All of the entries below need repeating exactly, apart from their images.
====================
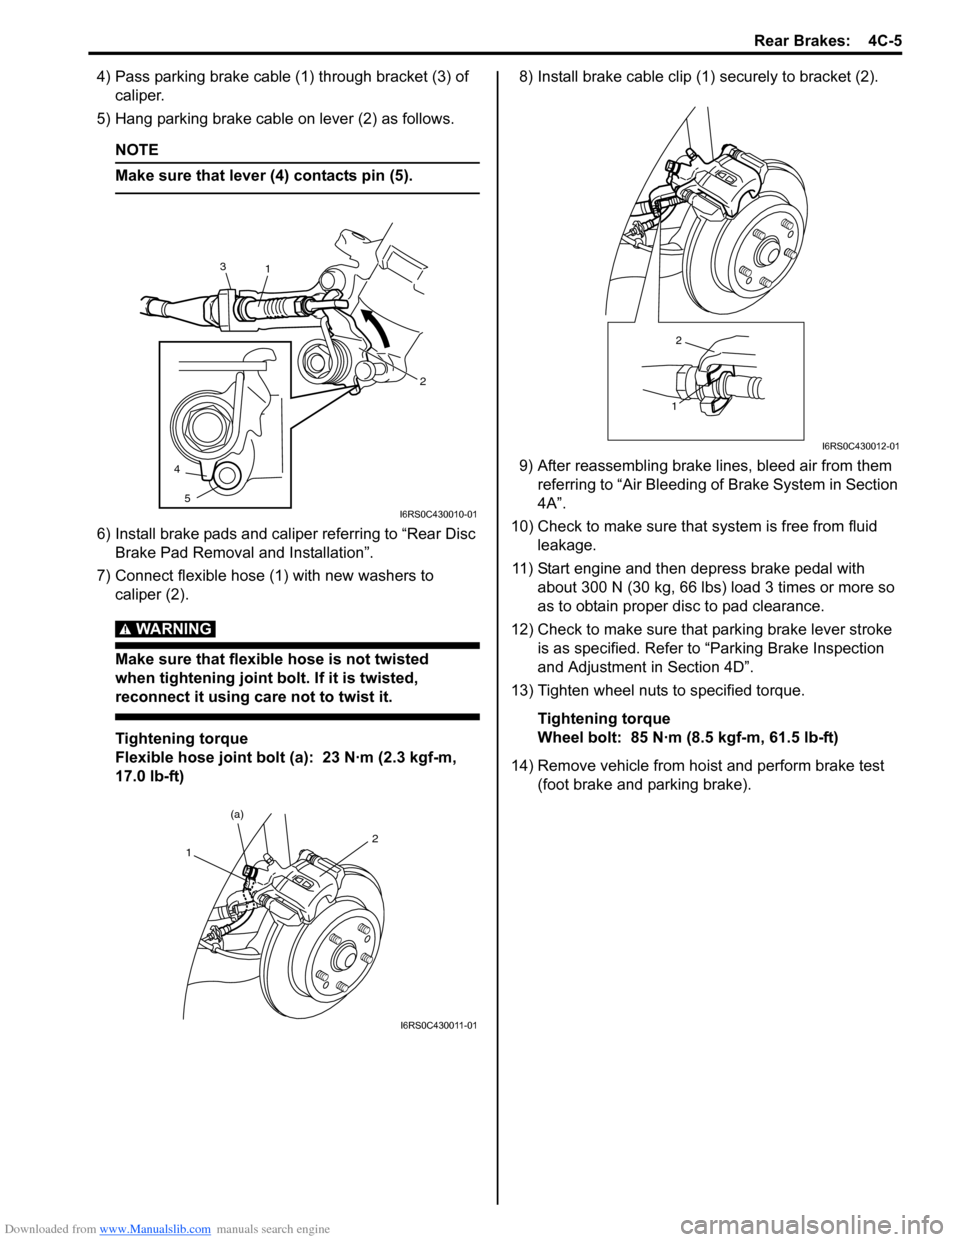 SUZUKI SWIFT 2006 2.G Service Owners Manual Downloaded from www.Manualslib.com manuals search engine Rear Brakes:  4C-5
4) Pass parking brake cable (1) through bracket (3) of caliper.
5) Hang parking brake cable on lever (2) as follows.
NOTE
Ma
====================
→ **Result for this exercise**:
 SUZUKI SWIFT 2006 2.G Service Owners Manual Downloaded from www.Manualslib.com manuals search engine Rear Brakes:  4C-5
4) Pass parking brake cable (1) through bracket (3) of caliper.
5) Hang parking brake cable on lever (2) as follows.
NOTE
Ma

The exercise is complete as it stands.